MARIB, YAMAN (voa-islam.com) - Bentrokan antara pasukan pemerintah Yaman dan pemberontak Syi'ah Houtsi telah meningkat di provinsi strategis Marib, dengan sumber militer mengatakan seorang komandan loyalis senior termasuk di antara puluhan petempur yang tewas.
Awal bulan ini, pemberontak Syi'ah Houtsi yang didukung Iran melanjutkan upaya untuk merebut kota Marib, yang terletak dekat dengan beberapa ladang minyak terkaya Yaman di utara negara itu.
Ratusan petempur dari kedua belah pihak telah tewas dalam pertempuran sejak Jum'at, menurut sumber pemerintah. Pemberontak Syi'ah Houtsi biasanya tidak merilis korban jiwa.

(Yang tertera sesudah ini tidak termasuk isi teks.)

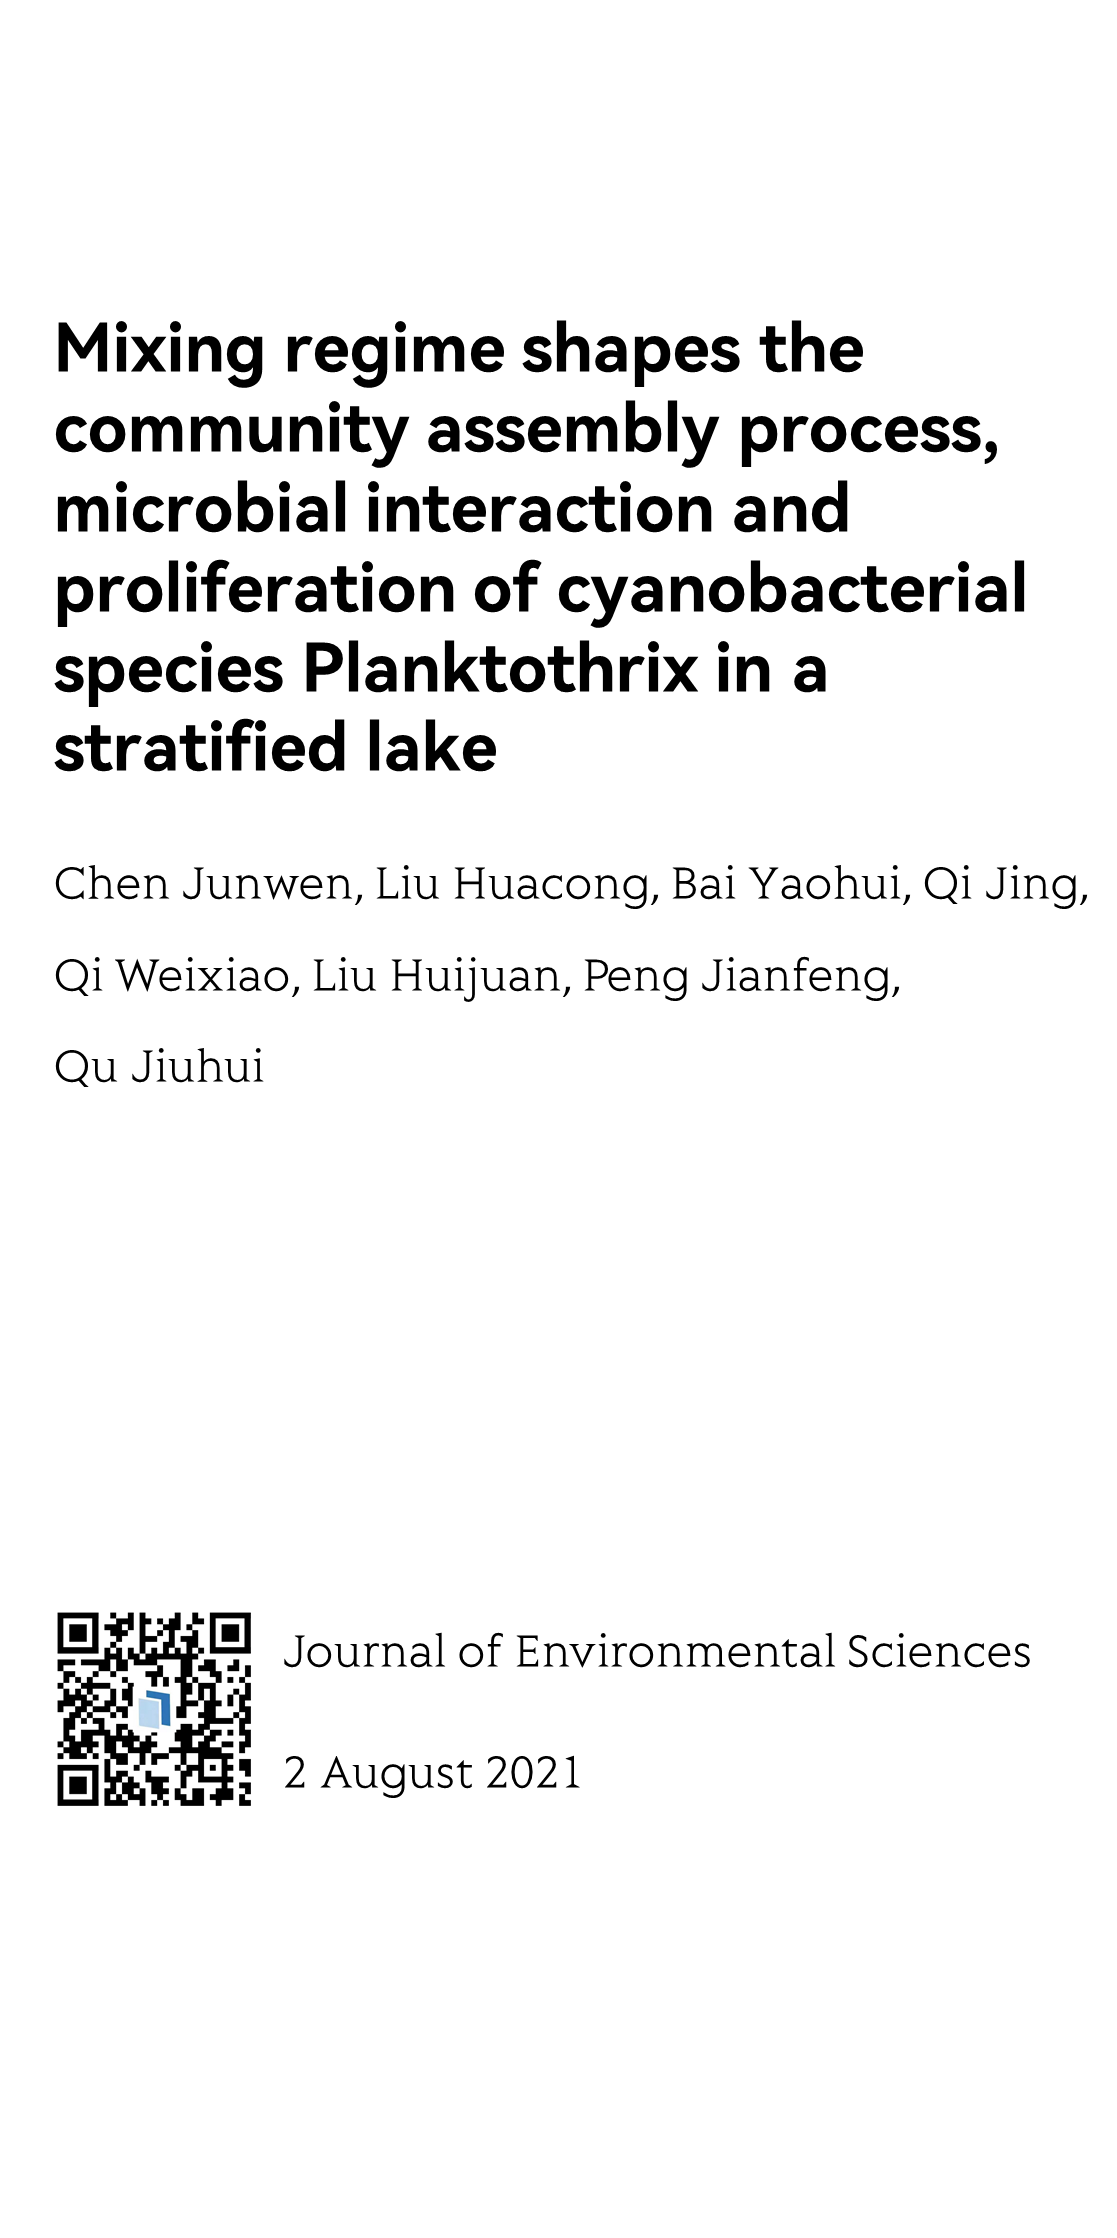 Mixing regime shapes the community assembly process, microbial interaction and proliferation of cyanobacterial species Planktothrix in a stratified lake_1

"Dua puluh dua anggota pasukan pemerintah dan lebih dari 28 pemberontak tewas dalam 24 jam terakhir dalam pertempuran itu," termasuk komandan pasukan khusus di Marib, Jenderal Abdel Ghani Shaalan, seorang sumber militer mengatakan kepada kantor berita AFP.

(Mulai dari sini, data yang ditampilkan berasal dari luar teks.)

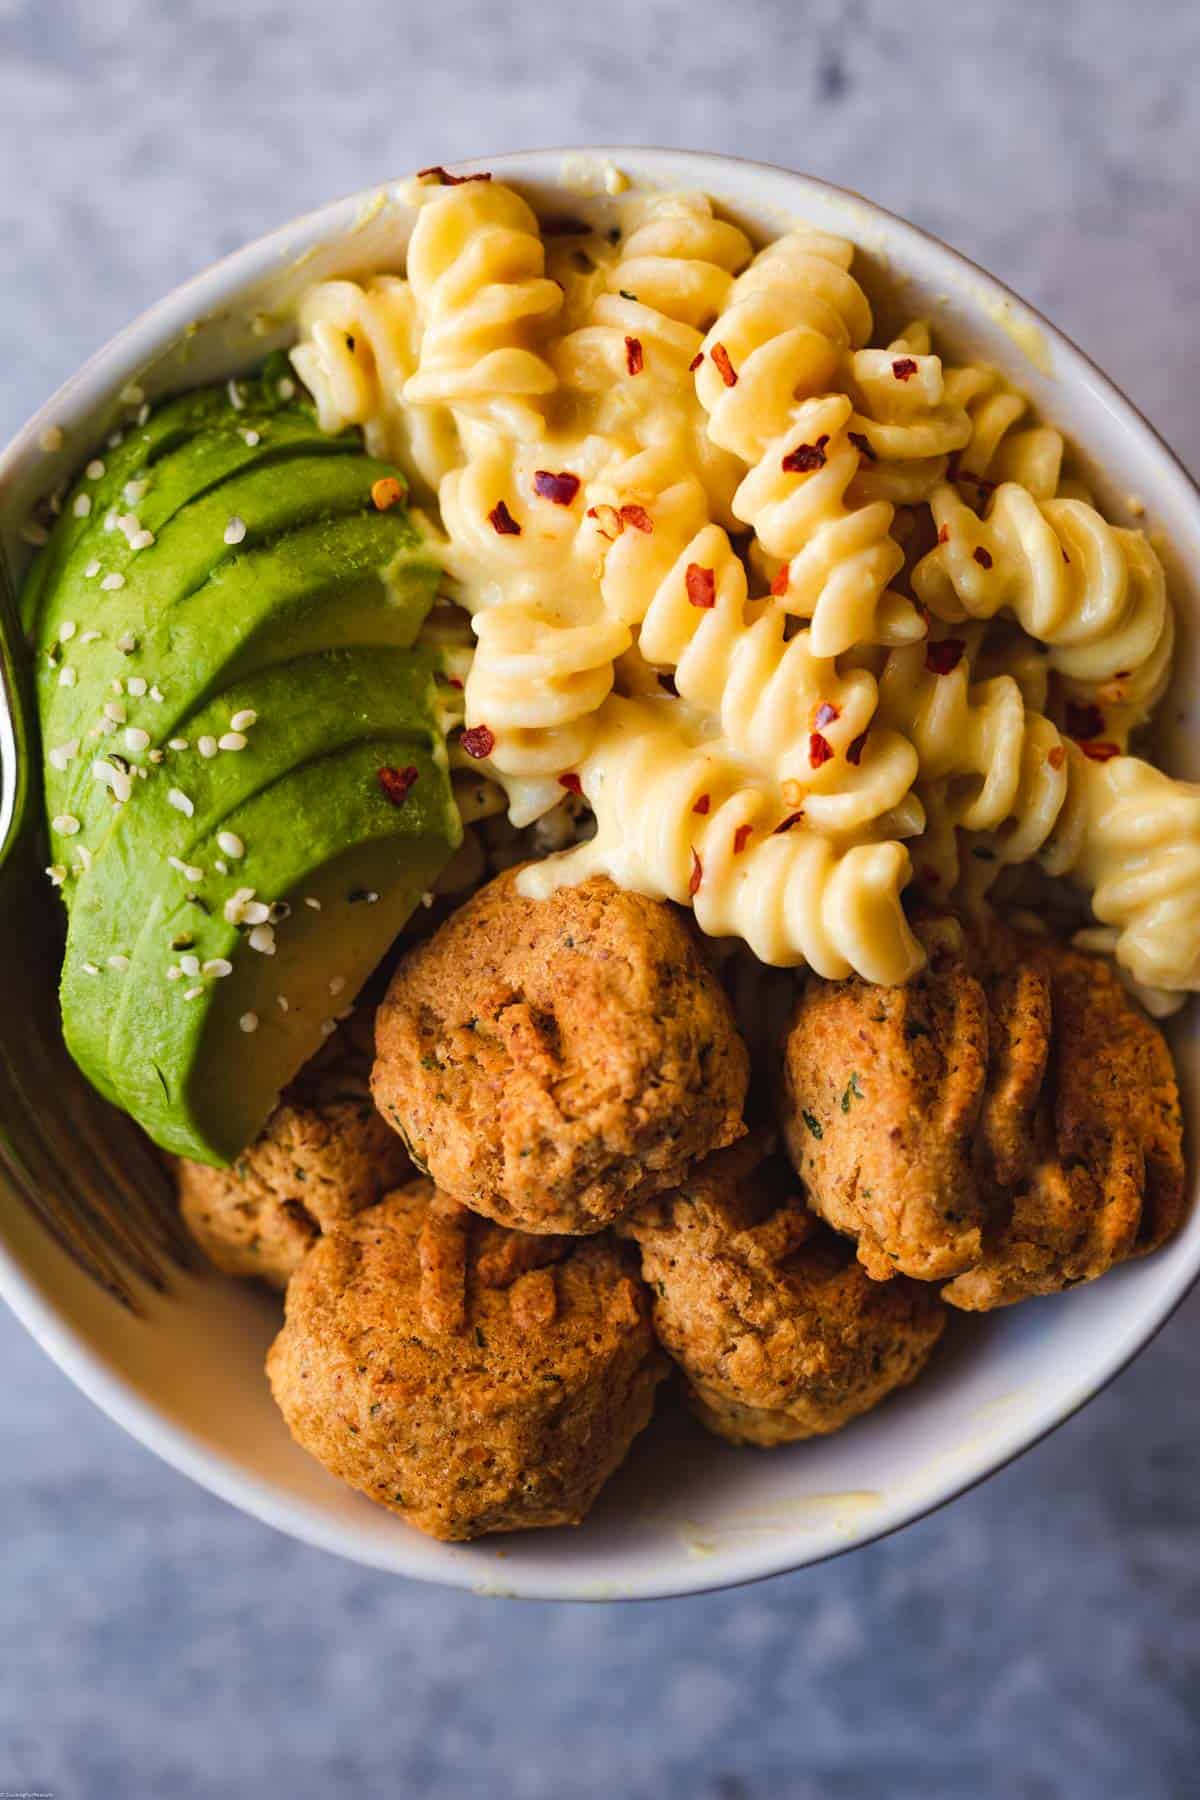 Five golden brown chickpea patties, vegan cheesy pasta, and sliced avocado topped with crushed red pepper in a bowl.

"Pertempuran terus berlanjut tanpa henti di semua lini di provinsi Marib" - benteng terakhir pemerintah di utara negara itu - kata sumber itu, menambahkan bahwa tidak ada pihak yang maju di lapangan.
Nabeel Khoury, mantan diplomat AS di Yaman, mengatakan itu adalah "pertempuran yang sangat kritis".
"Sepertinya kedua belah pihak ingin berada dalam posisi tawar yang lebih kuat dalam pembicaraan damai yang diantisipasi," kata Khoury kepada Al Jazeera.
“Masalahnya tentu saja adalah bahwa keuntungan jangka pendek ini… sebenarnya dapat menggagalkan proses perdamaian baru yang diluncurkan oleh pemerintahan AS yang baru.”
Koalisi pimpinan Saudi yang mendukung pemerintah yang diakui secara internasional meluncurkan lebih dari 12 serangan udara untuk mendukung pasukan pemerintah, menurut saluran TV Al Masirah yang dikelola Houthi.
Lebih dari 60 petempur tewas dalam pertempuran di Marib pada hari Jum'at, hari paling berdarah sejak dimulainya serangan pada 8 Februari.
Sementara itu, pemerintah mengatakan pemberontak Syi'ah Houtsi menembakkan 10 rudal balistik pada Jum'at malam di kota Marib, kantor berita resmi Saba melaporkan, tanpa ada laporan tentang korban.
Pada hari Sabtu, beberapa ledakan mengguncang ibu kota Saudi, Riyadh, dengan televisi pemerintah mengatakan koalisi yang dipimpin Saudi telah menggagalkan "serangan rudal balistik Houtsi".
Pemberontak Syi'ah Houtsi tidak mengkonfirmasi klaim tersebut, tetapi mereka telah melakukan serangan lintas batas ke Arab Saudi dengan drone dan rudal di masa lalu.
'Jutaan berisiko'
Konflik Yaman yang parah telah menewaskan puluhan ribu dan jutaan orang mengungsi, menurut organisasi internasional, memicu apa yang oleh Perserikatan Bangsa-Bangsa disebut sebagai krisis kemanusiaan terburuk di dunia.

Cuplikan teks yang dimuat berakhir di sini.